To improve you often have to adjust, adapt and change tools, parts and tactics. Tools are tools. My racing bike is a tool/machine to get me from A to B safely and as quick as possible if I am racing. I change the parts, either as they wear, or to improve or lighten the machine in the hope of improvements. The same with the tools. I respect tools, but an old tool is just that. It is not a precious museum piece, of deserving to be in a display cabinet, but one I have bought to use. I am not afraid to file, grind or upgrade, as I have the skills and tools, these things either in my genes or learned over many years of reading, watching and doing. I have a very nice and heavy, short Record/Marples No.5 with Bubinga woodwork and a Cosman blade and chipbreaker that works very well. A good tool to use.


----------



## jimi43 (17 Jul 2011)

Well at least you have Bubinga handles on it Mike! =D> 

I agree with your right to an opinion even if I disagree with that opinion....this is the issue.

I think that some tools are as, if not more beautiful than most works of art...indeed some are works of art.

There are some who think this way and thankfully...through their work and research...the history of our great hobby/profession will be preserved for our kids and grandkids...

Anyway...that's my view...we are off track here...

Jim


----------



## ali27 (18 Jul 2011)

I can say that even with my limited experience tuning
a plane and woodworking in general, I filed the mouth
of my stanley to fit a thicker blade. 

It's quite easy, just determine how much you need to
open the mouth and then with a square draw the line
and start filing.

Much improved performance! AND the plane looks exactly
the same. 

Better performance and the tool looks the same(actually better
with the new thicker blade and chipbreaker).

Ali


----------



## Mike Wingate (19 Jul 2011)

I have found my Japanese Laminated steel blade. Sharpened it (another story for another time) and honed it on abrasive papers and 8000 grit ceramic. It is a 2" blade and fits my 4 and 5 planes without any adjustments. It planes Maple and Oak really well, Iroko really well and Ebony. Is it better than the Rob Cosman? It is good! A new one costs £40 plus, uses a standard back iron and fits a plane with no filing. It has a 2mm thick blade. I will get a 2 3/8" for my other planes. What do I do about a back iron. Clifton 2 piece or whatever Record/Stanley I have?


----------



## beech1948 (19 Jul 2011)

So lets see.
I might have to file back the mouth of my plane even though CBT says not.
I have to pay £75 for the steel.

To me that's the rub. £75 is too much for a plane blade. I think that Rob Cosman's name adds nothing and this use of his name only detracts from his talent and skills. There is no way that blades should cost so much with so little, so very little added value. Great marketing but essentially you pay for the privilege of buying a blade with a well known personality name attached not for the product or functionality.

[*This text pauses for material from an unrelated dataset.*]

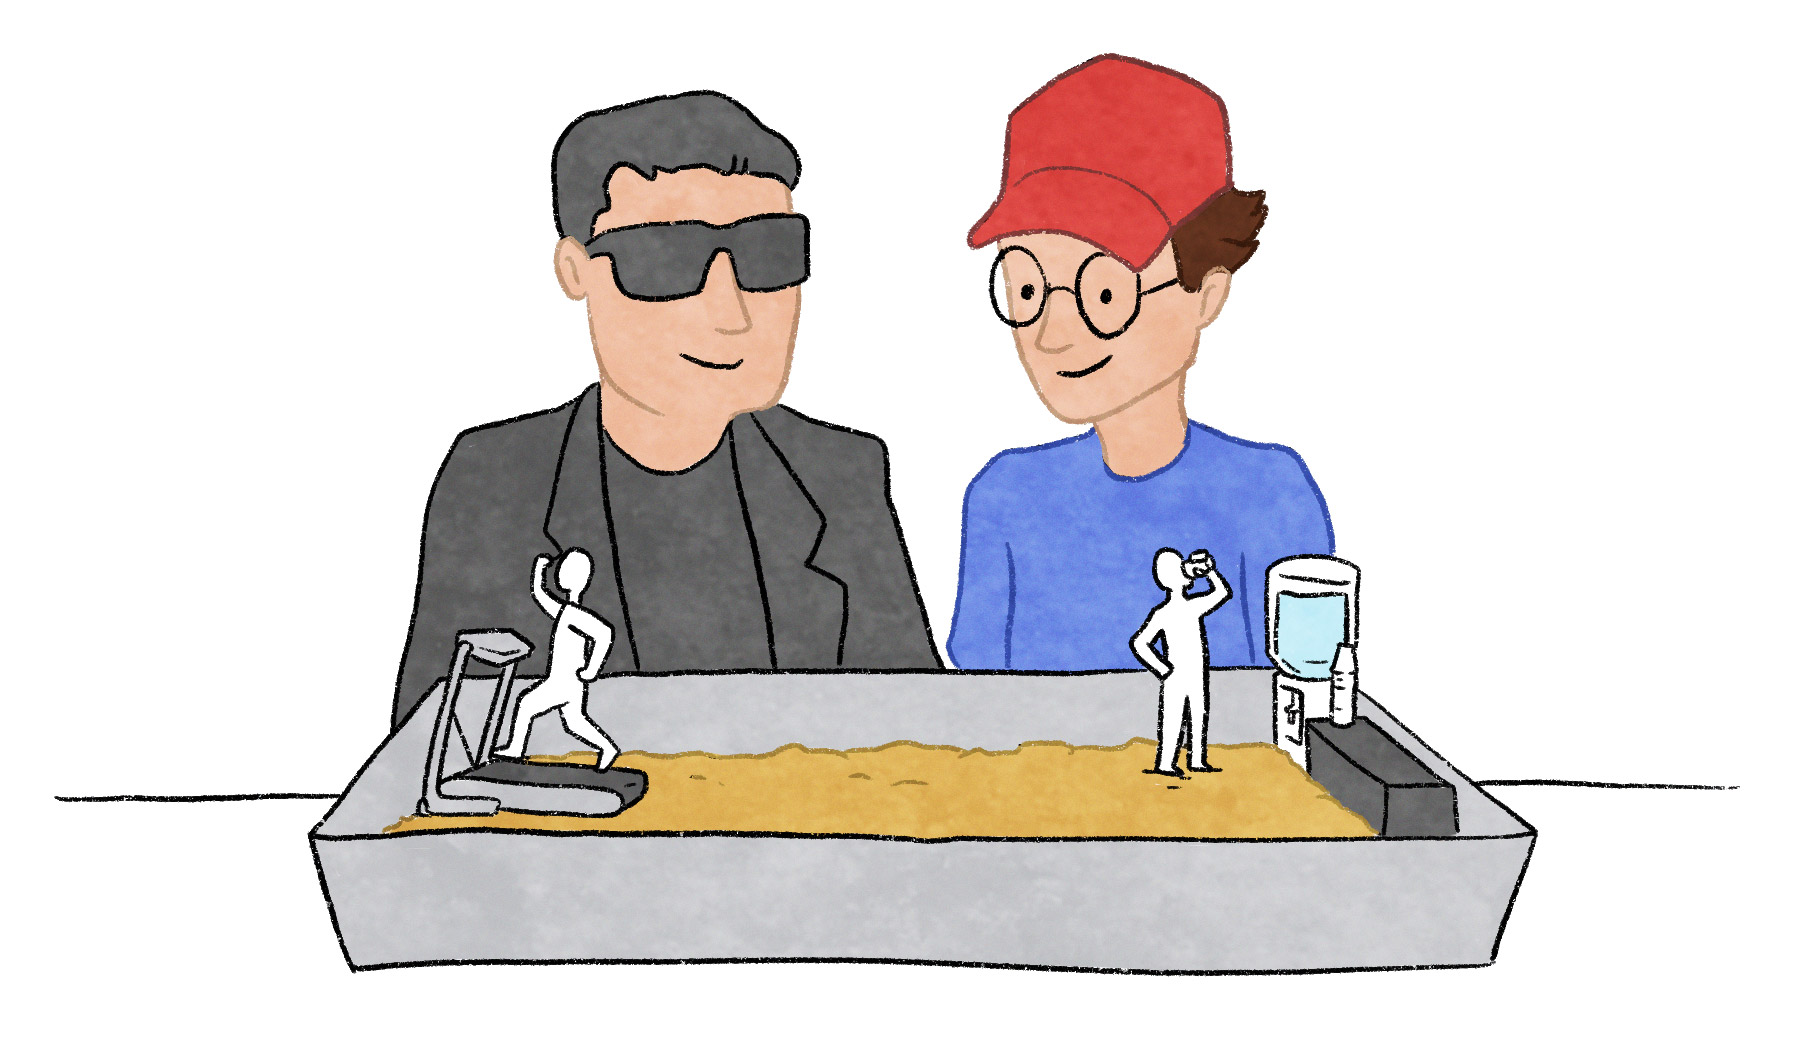 Man wearing sunglasses and man wearing red baseball cap looking proudly at tiny people inside a hamster enclosure with a treadmill and water cooler.

Now you wont all agree of course. So I'm going to find some O1 and if possible some A2 steel and turn out my own blades, should give my mill a work out. I'll let you know how it goes and if I burn the workshop down when heat treating.
Alan


----------



## Blister (19 Jul 2011)

> essentially you pay for the privilege of buying a blade with a well known personality name attached



Isn't that the same if you buy a plane ? LN Veritas Clifton + the top end hand made market , They all plane wood but at different prices


----------



## condeesteso (19 Jul 2011)

Mike - tell us more - exactly which blade, where from etc. I know that filing the mouth is no big deal, but it does feel a bit like butchery to me on an old plane. So any other option is of real interest to me, and I do like laminated blades.


----------



## Vann (20 Jul 2011)

Mike Wingate":14nwajye said:


> What do I do about a back iron. Clifton 2 piece or whatever Record/Stanley I have?

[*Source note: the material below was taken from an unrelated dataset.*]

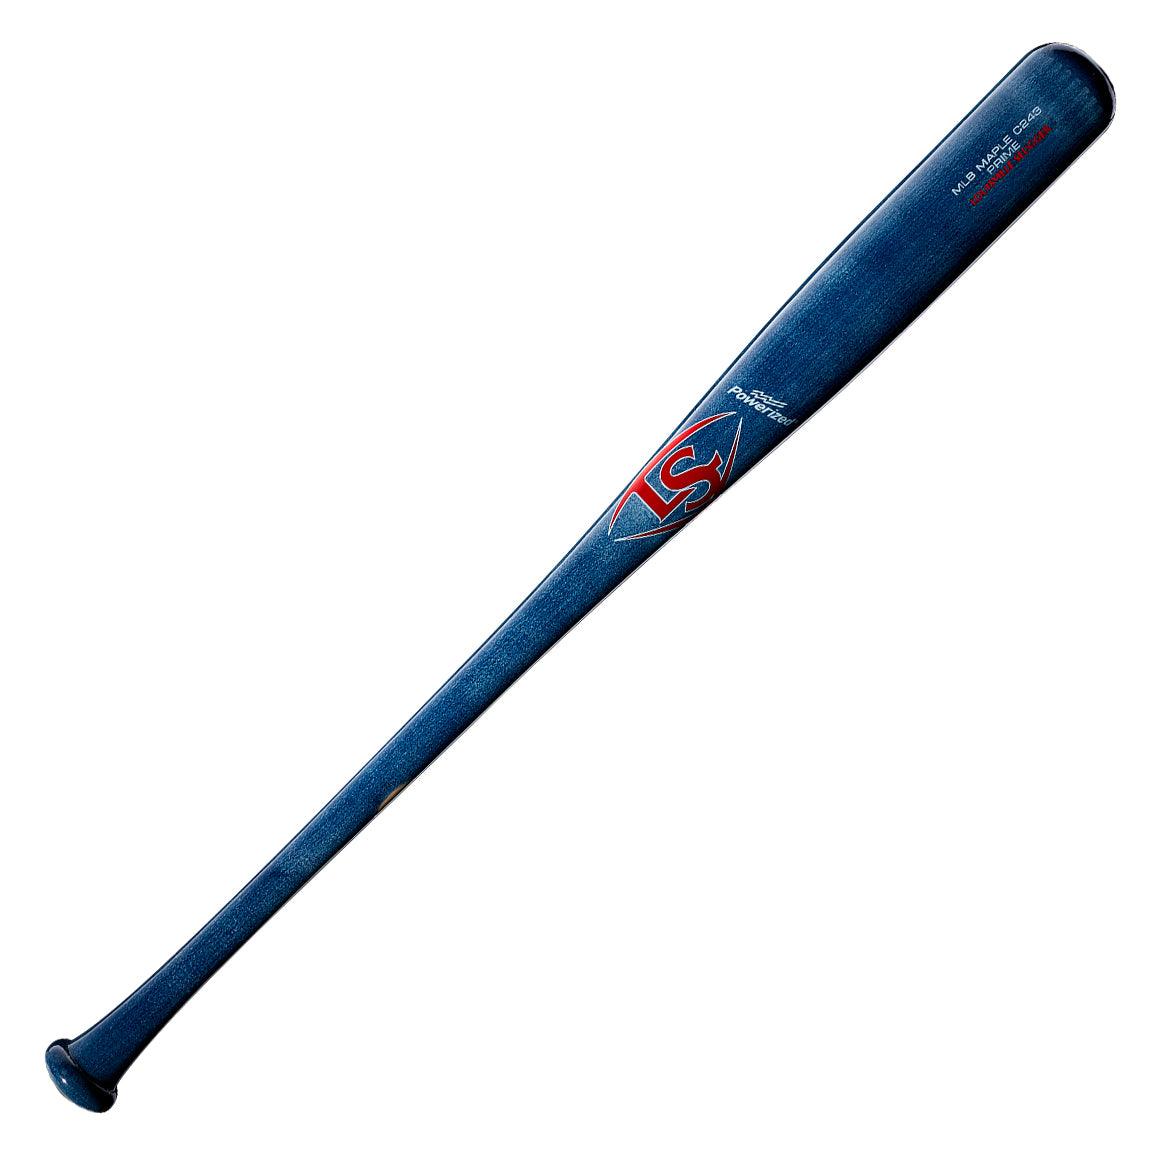 MLB Prime Maple Big Blue - Sports Excellence

If you can put up with the disadvatage of a 2-piece (i.e. the deflector falling off if you forget to put your finger on it), then enjoy the advantages (extra thickness, best clamping effect).

If you can't handle the 2-piece, then get a thick 1-piece cap-iron from someone else (L-N, LV, etc.) and put the original cap-iron aside in case you ever sell the plane. If you do ever on-sell it, it'll be worth more with the original cap-iron, and with the mouth un-filed.

My tuppence worth...

Cheers, Vann.


----------



## jimi43 (20 Jul 2011)

There are some seriously interesting cap irons on Workshop Heaven from Quangsheng (click picture to go to site).





If their quality of cap irons is the same as the irons then they are a bargain!

Jim

*P.S. I have no commercial connection with either Quangsheng or Workshop Heaven. I'm just suitably impressed.*


----------



## Mike Wingate (20 Jul 2011)

Japanese Blade Details. Mine is an FTI, Fine Tool Imports. I think from a chap called Roger Busey? Many years ago. I bought rubber oilstones and similar products from him in the 70/80's The Axminster models may be a similar product. The Quangsheng back iron looks a good one. Has anyone got one, does it fit, o I need to file it? If you get a similar Japanese blade to mine you will have fun sharpening it!


----------



## Andrea (20 Jul 2011)

beech1948":26pog248 said:


> So lets see.
> I might have to file back the mouth of my plane even though CBT says not.
> I have to pay £75 for the steel.
> 
> To me that's the rub. £75 is too much for a plane blade. I think that Rob Cosman's name adds nothing and this use of his name only detracts from his talent and skills. There is no way that blades should cost so much with so little, so very little added value. Great marketing but essentially you pay for the privilege of buying a blade with a well known personality name attached not for the product or functionality.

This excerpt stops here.